Frame AI as augmentation, then prove it

Most SMBs that adopt AI well end up with the same shape of outcome: people doing more interesting work, faster, with the boring repetitive parts of the job offloaded to a tool. The framing 'AI does the bits you didn't enjoy anyway' is usually true. But framing isn't enough on its own - you have to show it. Pick the first few use cases specifically because they remove tedious work, not because they replace skilled work. The early projects set the tone for everything that follows.

Involve people in the choice of tools

The teams who will use the AI should have a meaningful voice in choosing it. Not a veto - leadership still has to make the call - but a seat at the table during evaluation, a chance to test tools before they're rolled out, and a structured way to feed back what works and what doesn't. People support what they help build. They quietly sabotage what's done to them.

Train generously, but don't force it

Mandatory all-hands AI training sessions tend to produce attendance and not much else. Optional, well-pitched training - lunchtime sessions, recorded walkthroughs, a curated set of internal examples - tends to produce actual capability. Make it easy for the curious to go deep, and make it socially safe for the cautious to take it slowly. The pace will look uneven for a while. That's fine.

Recognise the early adopters publicly

Within a month or two of any AI rollout, you'll have a small group of people doing genuinely clever things with the tools. Find them, ask them to share, and recognise them publicly. Internal demos, a slot in the all-hands, a written-up case study. Three things happen at once. The early adopters feel valued. The fence-sitters see what's possible. The sceptics get a concrete example that's hard to argue with.

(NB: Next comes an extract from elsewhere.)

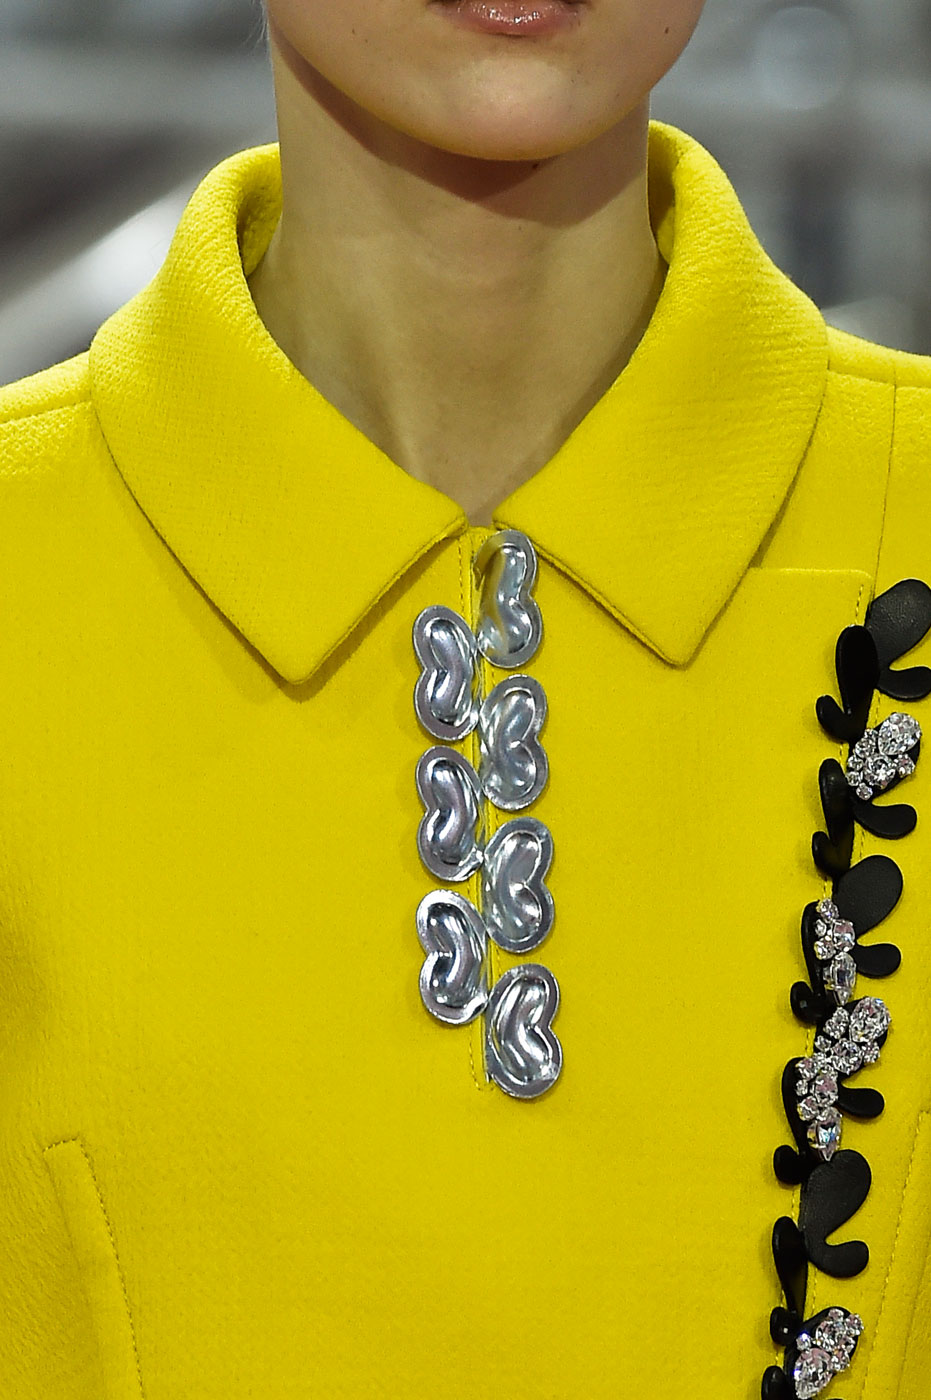 Christian-Dior-fashion-runway-show-close-ups-haute-couture-paris-spring-summer-2015-the-impression-134

Be honest about productivity expectations

If AI is freeing up time, be clear about what that time is for. Is it for more output? More learning? More time with customers? Better margins? A mix? People sense quickly whether 'AI will give you time back' really means 'we're about to ask you to do 30% more work for the same pay'. If the latter is the deal, say so honestly and pay accordingly. If it's something else, name what.

Watch for the quiet signs of trouble

The team rarely tells you directly when AI is landing badly. They tell you indirectly. Adoption rates that look fine on paper but fall apart on closer inspection. Feature requests that imply nobody is actually using the tool the way the vendor intended. Sudden interest in 'understanding the AI policy' from people who never asked before. Increased turnover in a specific team. Take these signals seriously and address them before they harden.

The role of middle managers

Middle managers are usually the make-or-break group in any AI rollout. They feel the productivity pressure from above and the anxiety from below. Done right, they become the most powerful champions in the business. Done badly, they become the bottleneck where good intentions die. Spend disproportionate time briefing them, training them, and listening to them. Their experience is a leading indicator for how the rest of the team will land.

A practical conversation framework

When you sit down with the team to talk about AI, cover six things in order. One: what we're doing and why. Two: what's not changing about how we work together. Three: what is changing, specifically. Four: what happens to the time saved. Five: what we expect from you and what you should expect from us. Six: how we'll review this together in three months. Write it down afterwards and share it. The act of putting it in writing is most of the trust-building.

The long game

Your team is going to be living with AI for the rest of their careers, just as they've lived with email, mobile, and cloud. The businesses that handle this conversation well now will spend the next decade being the place good people want to work. The ones that handle it badly will spend the same decade explaining why their best people kept leaving. The technology is the easy part. The conversation is the work.